SINGAPORE: Brand collaborations with artists should include focus on creative freedom, shared values and mutual respect, according to marketing experts in Singapore.

“Brands are starting to look beyond just selling their product. They are looking at connecting on a deeper and emotional way with the target consumers,” said Conrad Mendoza, senior regional marketing manager at HP, during the recent Creative Cities event held by The Drum in Singapore.

However, uneasy tensions can exist between the two, which means shared values and proactive communication is important. (For more on how brands can collaborate effectively with artists, read WARC’s report: ‘Don’t buy a dog and bark yourself’ – how brands should work with artists.)
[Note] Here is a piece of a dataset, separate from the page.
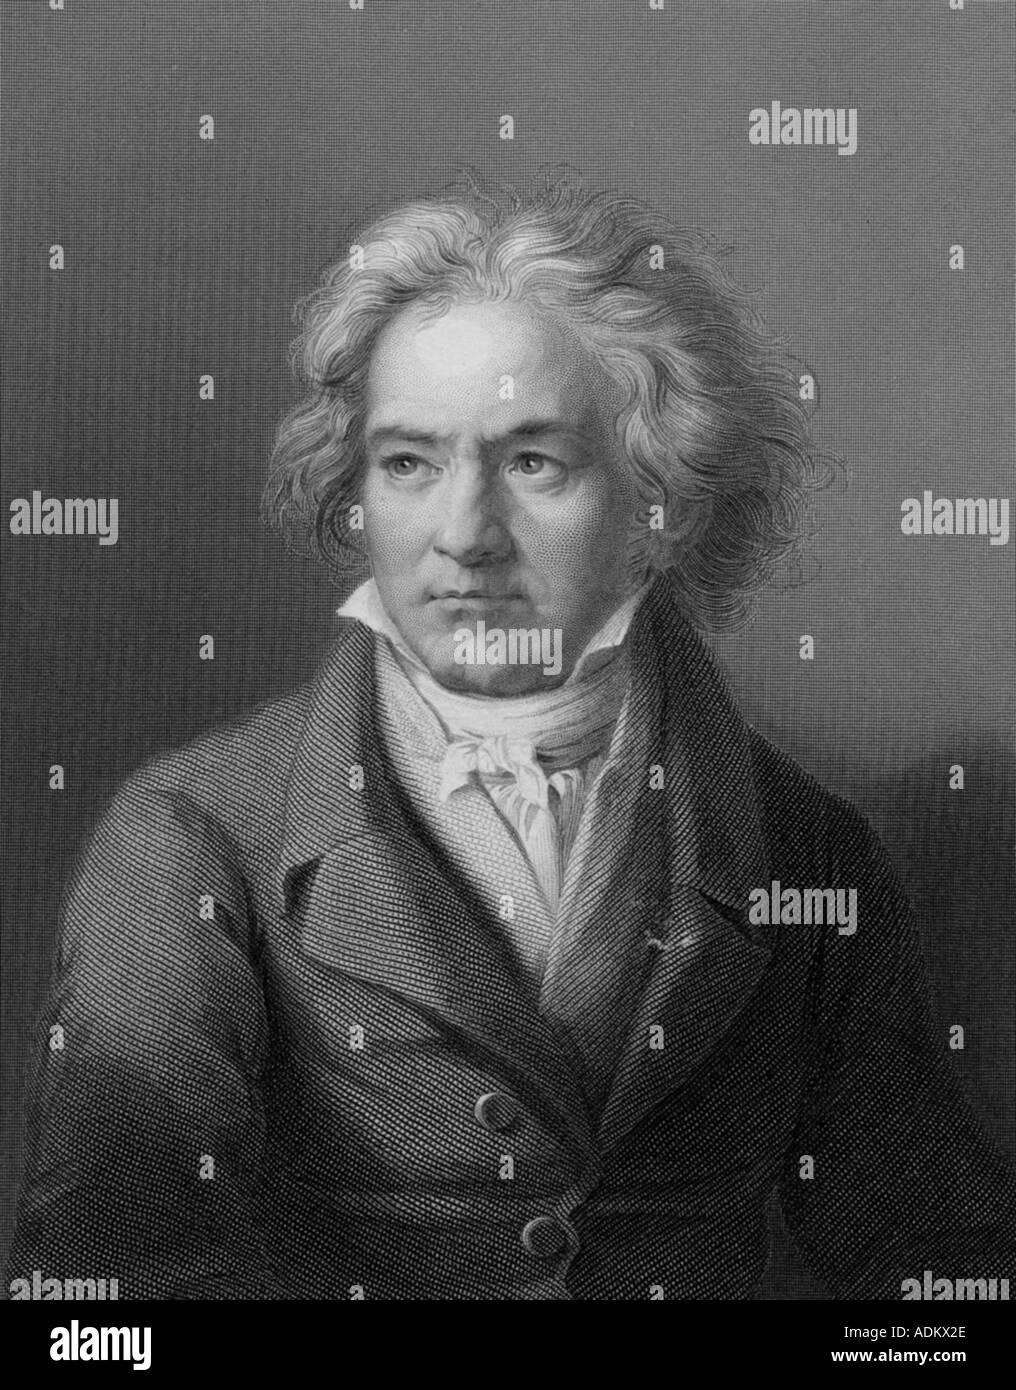 BEETHOVEN LUDWIG VAN BEETHOVEN German composer 1770 1827 - Stock Image

“Part of the friction and disconnect between the art side and brands is [that] one is all about commercialisation and pushing people to use this and buy more of that, while the other one is saying, ‘Let’s be real, let’s be authentic, let’s have purpose and do meaningful stuff’,” said Matthias Schuecking, former Unilever executive and ex-Airbnb APAC marketing head, a fellow panelist.

Of the brands that HP works with, Mendoza observed that there is an alignment with the ethos of the brand and the ethos of the artist.

“The brand would say, ‘This is where it stands, this is my position’, and they would look for an artist who has the same individuality…they use it as a way to engage,” he said.

Schuecking challenged agencies to get brands to go beyond the immediate objectives of, say, boosting sales with packaging or growing market share.

“Push them to talk about purpose. Ask them, ‘What are your values?’ Ask them, ‘How do you make a difference? How do you actually add value?’,” he said.

“Once you have the core values and purpose, and you’re clear of that, you’re going to have it a lot easier to find artists who would work with you. It would be easier for you to find more commonalities and have more authenticity at the end.”